If the RDC decides it is appropriate, it will then send out a Warning Notice to the firm or individual concerned detailing the FSA’s intention to take further action. They then have 28 days to make representations to the RDC (and may apply for more time), and have the right to access any material used in the decision making process. After any written or oral representations have been considered, the RDC makes its decision and – if appropriate – issues a Decision Notice. The firm or individual then has 28 days in which to make a referral to the Financial Services and Markets Tribunal. This Tribunal is completely independent of the FSA and will consider the entire case afresh, normally in public. It decides what action the FSA should take, including the issuing of a Notice of Discontinuance, if it believes the case has not been justified. If no referral is made to the Tribunal following the Decision Notice, then a Final Notice is issued to the firm or individual concerned, and information is published about the case, as appropriate.

We are reminded that settlement is possible at any stage of the enforcement process, with new procedures for this in place since 20 October 2005. Since this date, increased separation and transparency between the Enforcement division and the RDC has been the objective, and towards this aim it has been possible for the settlement of cases without approval from the RDC. In these cases, a team of settlement decision makers, drawn from a pool of FSA directors, will be the ultimate decision makers in any settlement negotiations between Enforcement and the firm or individual. In this context, ‘settlement’ is not comparable to the settlement of a commercial dispute, but rather an early acceptance by the firm or individual of the terms of the FSA’s regulatory decision.

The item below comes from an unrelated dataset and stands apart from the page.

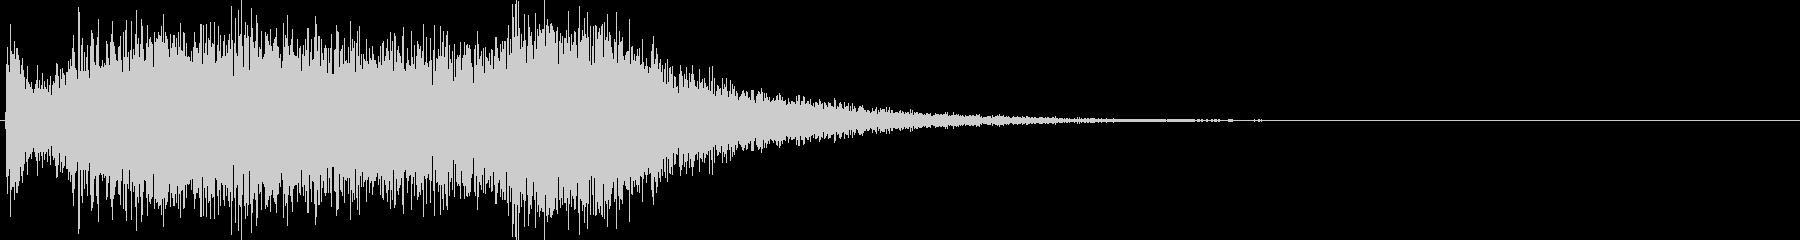 バキーンと迫力のあるレベルアップ効果音の未再生の波形
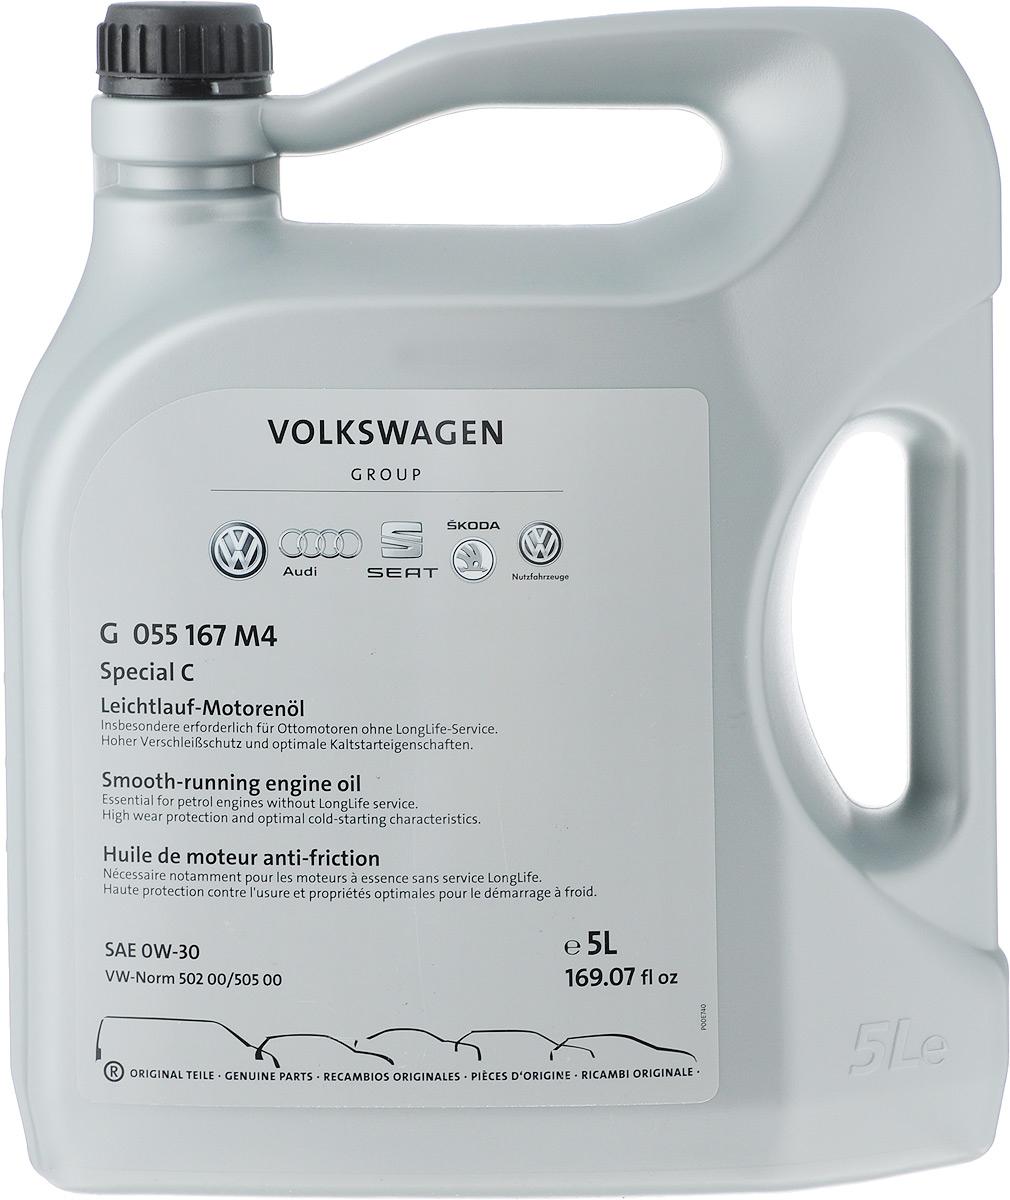 Моторное масло VAG Special C, класс вязкости 0W-30, 5 лG055167M4Масло оригинальное VAG Special C 0W30 рекомендовано заводом Фольксваген с 2014 года для двигателей TSI объемом 1.8 и 2.0 л, в том числе вместо LongLife 3 VW 504/507. Межсервисный интервал замены не более 10000 км, в отличие от масла G052195M4 ( интервал замены 15000 км). Обеспечивает низкотемпературный пуск двигателя при температурах до минус 40 градусов, повышенную стойкость к шлакообразованию и загрязнению, значительно меньше угорает в процессе эксплуатации из-за уменьшения испаряемости. Допуски OEM: VW 505 00; VW 502 00.Товар сертифицирован.

Where investigators have been appointed on or after 20 October 2005, a discount scheme for the early payment of financial penalties is in operation. Discounts vary according to the stage at which settlement is reached. Stage one attracts a discount of 30 per cent and is defined as the period from the start of the investigation to the point where sufficient understanding of the gravity of the misconduct has been gained and communicated, and a reasonable opportunity to reach agreement on the amount of penalty has been allowed. In the case of RHL, settlement was achieved in this period which enabled a £50,000 fine to be discounted to £35,000. Stage two is from the end of stage one to the expiry of the period for making written representations to the RDC (20 per cent discount), and stage three is from the end of stage two up to the issue of the Decision Notice (10 per cent discount).

All bases covered

If this seems a rather bureaucratic and protracted process, we have to remember that the FSA’s enforcement procedures must cover the largest financial institutions as well as the smallest authorised mortgage firm. They are in place not only to protect individual consumers from being treated unfairly, but also applied to ensure that the UK financial markets are not undermined by illegal conduct. For example, in April 2006 we saw Deutsche Bank being fined around £6.4 million for failing to observe proper standards of market conduct (Principle five) and failing to conduct its business with due skill, care and diligence (Principle two) – the same Principle as cited in RHL’s Final Notice. So, large or small, we are treated on equal terms under the FSA Enforcement processes – and the best way to avoid this happening is to uphold the principles in all your business dealings, and to be able to prove this is the case, if it is ever called into doubt.